As the supply-side of the monetary machine adjusts, which it will, there is a lingering opportunity in the system. Demonetisation, they say, allows for a one-time detox of the existing system. Besides the governance and administrative reforms mentioned above that are necessary to cleanse the system, a move towards digital cash could act as a force multiplier in mitigating creation of black money.
The government has for long now dabbled with the idea of a cashless economy with the intent to counter the black money disease. In his 2015 budget speech, the finance minister mentioned as much. RBI’s Vision 2018 plan also aims to stimulate use of technology-based payment products. The government’s efforts to go cashless have ranged from champion attempts like the Unified Payments Interface (UPI) to incentivising credit/debit card payments through tax breaks and direct benefits transfer.

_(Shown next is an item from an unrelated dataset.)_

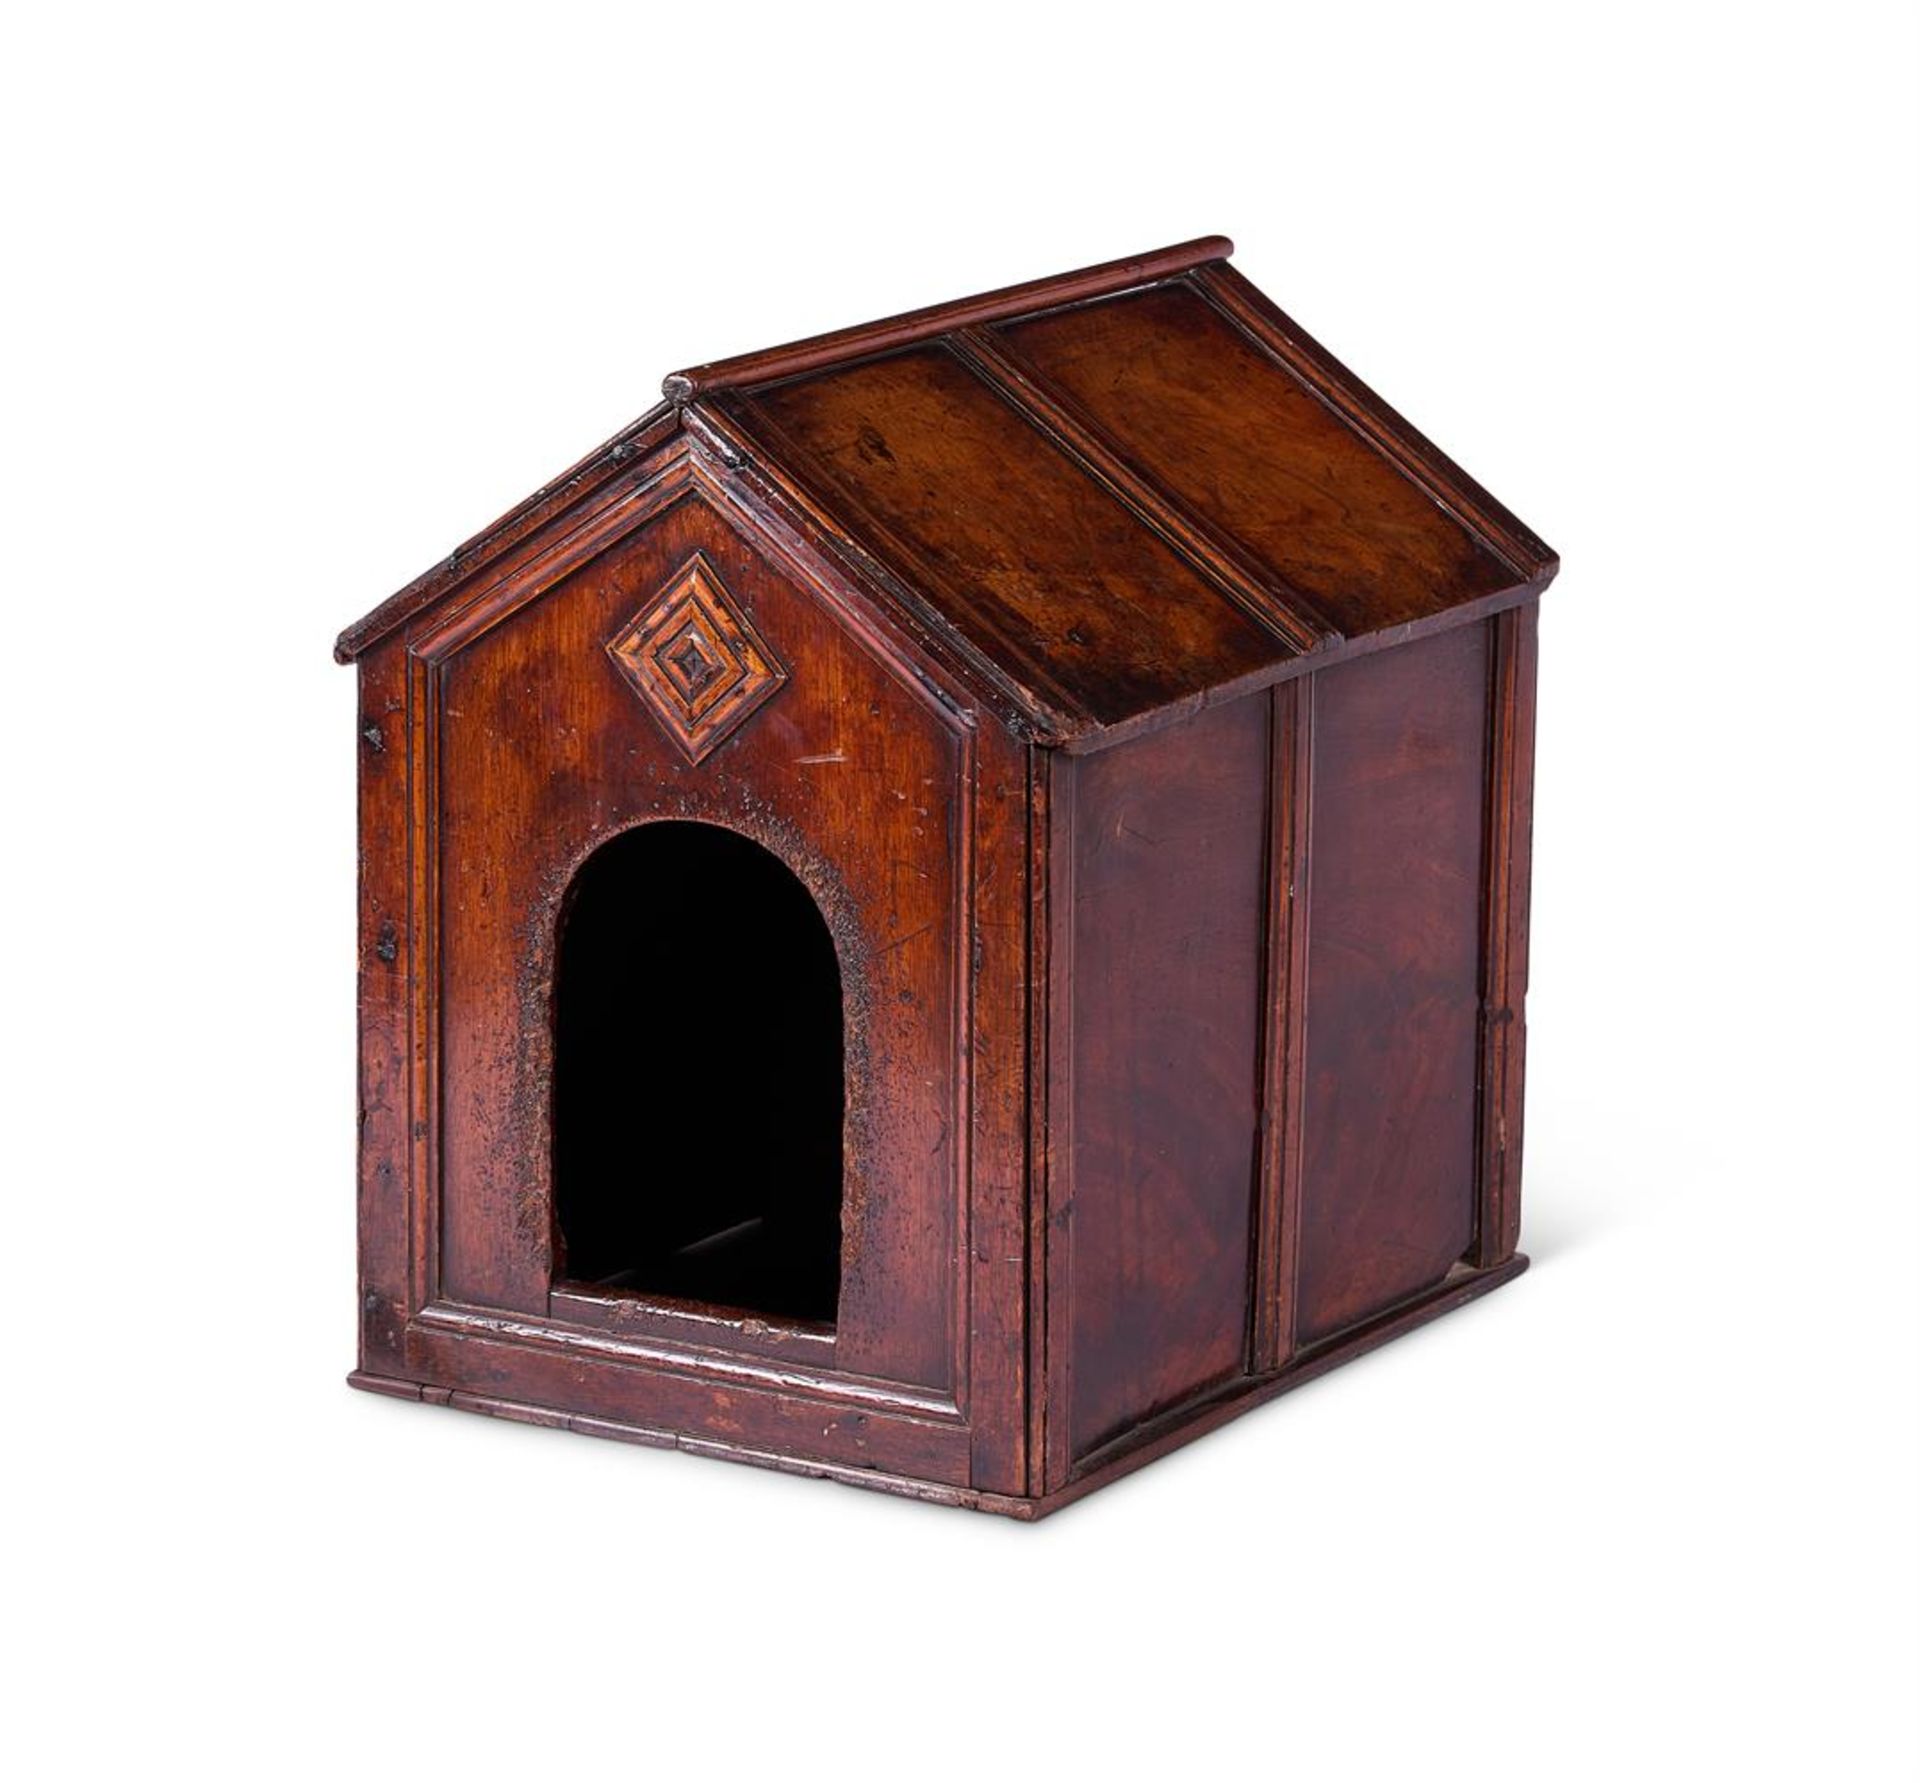 A FRUITWOOD DOG KENNEL LATE 18TH OR EARLY 19TH CENTURY

Reports indicate there is an increase in the use of cashless transactions. RBI data show that mobile wallet transactions jumped from R10 billion in 2012-13 to more than R490 billion in the year 2015-16 and the number of mobile banking transactions rose from 16.8 million in December 2014 to 39.5 million in December 2015. It is estimated that digital payments industry will reach $500 billion, contributing 15% to India’s GDP by 2020.
There has been an upsurge in mobile and electronic payment system usage recently, although the ticket size of such transactions remains relatively small. For example, the mobile wallet platform Paytm recent;y witnessed a record high 7 million transactions worth R120 crore in a day and Mobikwik registered a 7,000% increase in bank transfers post-demonetisation. Besides, Airtel has established the first Payments Bank with 10,000 retail outlets in towns and villages serving as banking points for customers and Vodafone India’s M-Pesa customers’ who can cash out from specified outlets has witnessed a 100% increase in its app download and the number of transactions has doubled. The financial architecture for m-payments has been around for some time and while its existence is necessary, it is not sufficient in the march towards a cashless society. You need merchants to invest in technology and people to adopt m-wallets. If the current demonetisation initiative serves as a trigger for behavioural change in society in favour of digital payments, it will provide the much needed shot in the arm for the industry and government. Once a critical mass is achieved in digital payments, inherent network effects will ensure a rapid and non-linear adoption. That is power of network effects in digital systems. And if successful, the new R2000 currency note will have even fewer takers in the future than now!
& Smriti Chandrashekar
Kathuria is director & CEO, Kedia is consultant, and Chandrashekar is research associate, ICRIER.